Oh and one last thing to share - Sam and I enjoyed our first free concert at the Hatch shell this season. This is one of our favorite summertime activities. We had our neat sheet blanket, some lemon -rosemary bread, cheese, jam and chocolate stout. What more could you ask for? How about some non dairy banana ice cream with chocolate chips and peanut butter for dessert? I've got that recipe for you and I haven't forgotten about the parsha related recipe- read on for an Oil and Wine Chicken - you don't have to tithe it : )

Banana Chocolate Peanut Butter "Ice Cream"

2 peeled bananas
1/2 cup of semi sweet chocolate chips
1 tbsp natural peanut butter
1/4 cup of coconut or plain rum, or milk or water (helps things come together)

Slice the bananas into small round pieces. Arrange the slices on a plate or baking sheet and put it in the freezer for 2 or more hours.

After the time has elapsed place the frozen bananas in a food processor with the chocolate chips and peanut butter.
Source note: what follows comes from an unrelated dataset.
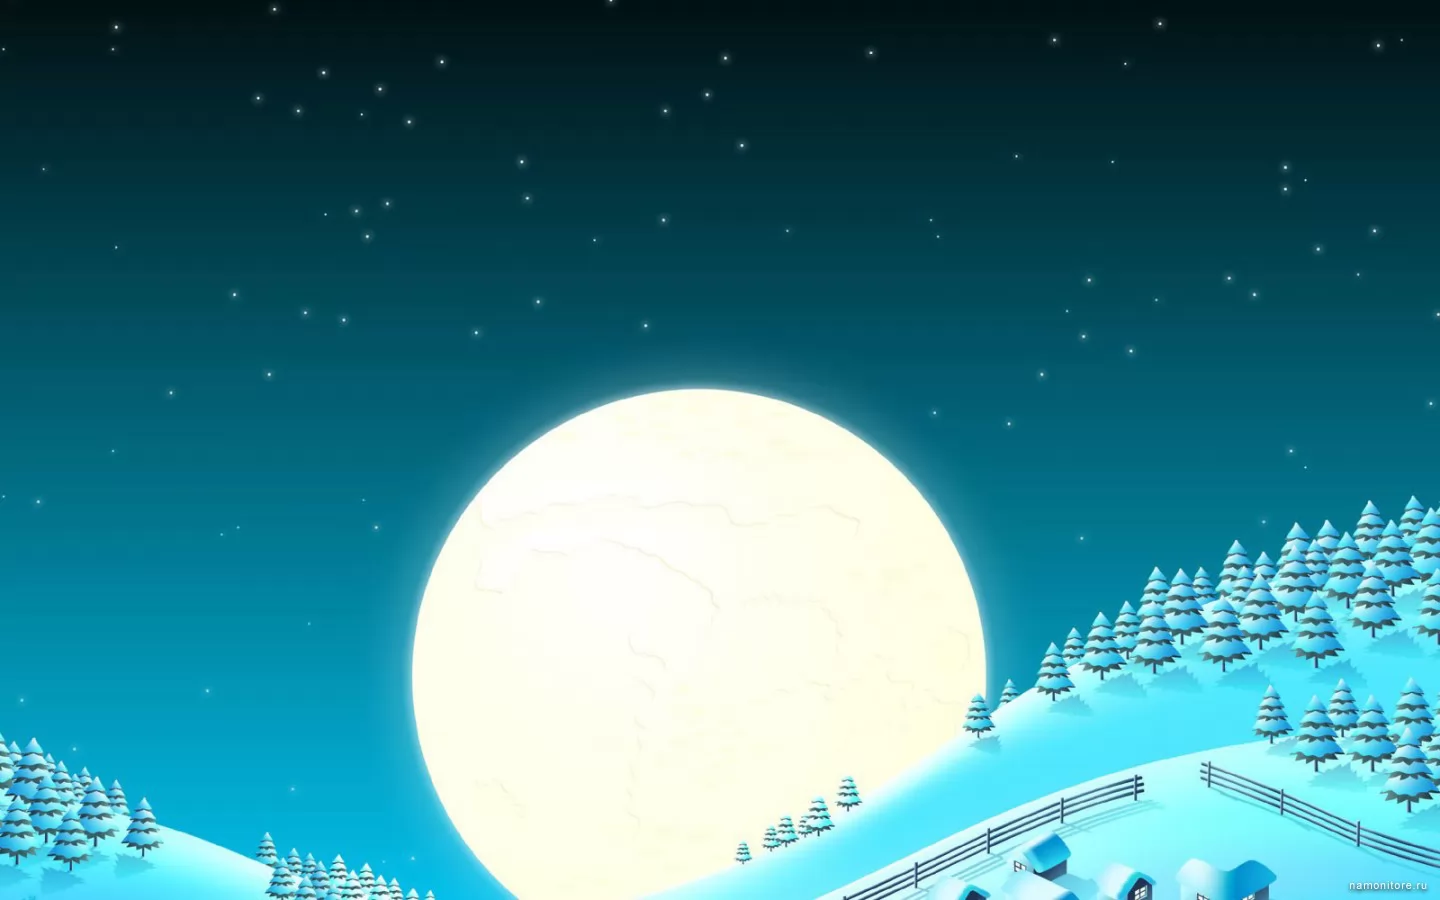 Огромная луна, зима, луна, лучшее, ночь, рисованное, синее х

Blend for a minute and then slowly add the rum or other liquid to help it come together. Pulse to break up any chunks and scrape the mixture back down to the blade between processing. It should start to resemble ice cream after 2 minutes- add more liquid if it's having trouble coming together. Eat right away!

Oil and Wine Chicken
I saw this on a Food Network show, Down Home with the Neely's, and she called it "get yo man chicken" which cracked me up. I liked the featuring of the oil and wine as those are items mentioned in the portion that got tithed each year for the owner to eat at the Temple.

2 tbsp olive oil
6 chicken thighs
1 medium onion diced
1 tsp salt
1 tsp pepper
1/2 tsp rosemary, chopped
1 tsp thyme, chopped
1 cup of chicken stock
1 cup of white wine
1 14 ounce can of crushed tomatoes

Heat the olive oil over medium heat in a large pan. Remove the skin from the chicken thighs, season the chicken with salt and pepper and add the chicken to the pan. Let the chicken cook for four minutes on each side and then remove from the pan and set on a plate.
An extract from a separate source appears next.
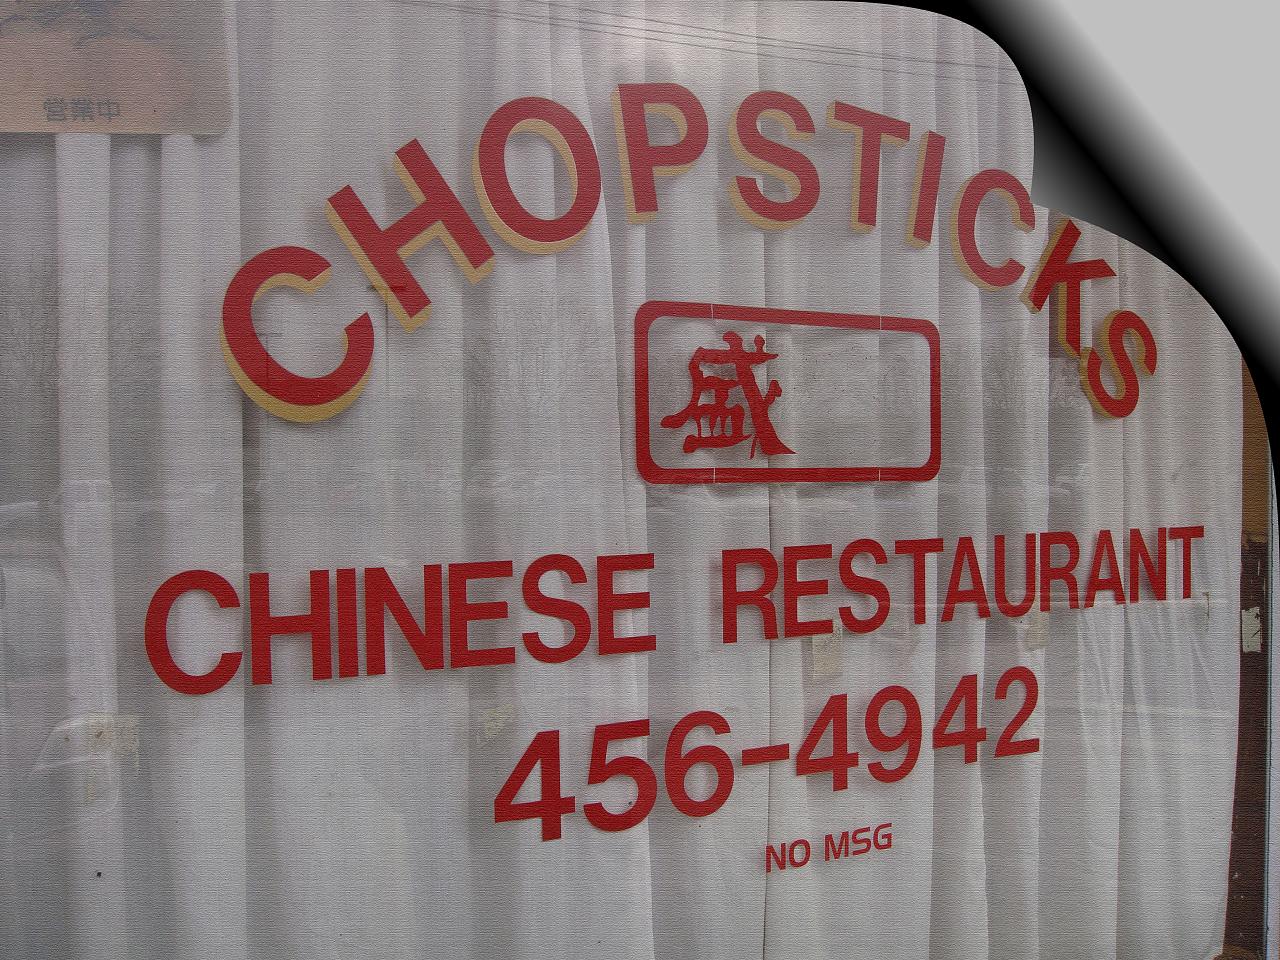 Chopsticks closed

Add the diced onions to the pan and let them cook in the olive oil and chicken fat, stirring for 3 minutes. Then turn the flame off from under the pan and add the chicken stock and wine and scrape up all the bits that have stuck to the pan. Turn the flame back to high and let the liquid reduce for several minutes. Add the herbs and tomatoes and give it a good stir. Then add the browned chicken thighs to the liquid and cook with a cover on for 40 minutes on medium low heat.

Serve the chicken with some of the cooking sauce. And if you spot a man in the vicinity who you want to get- go on and serve him some.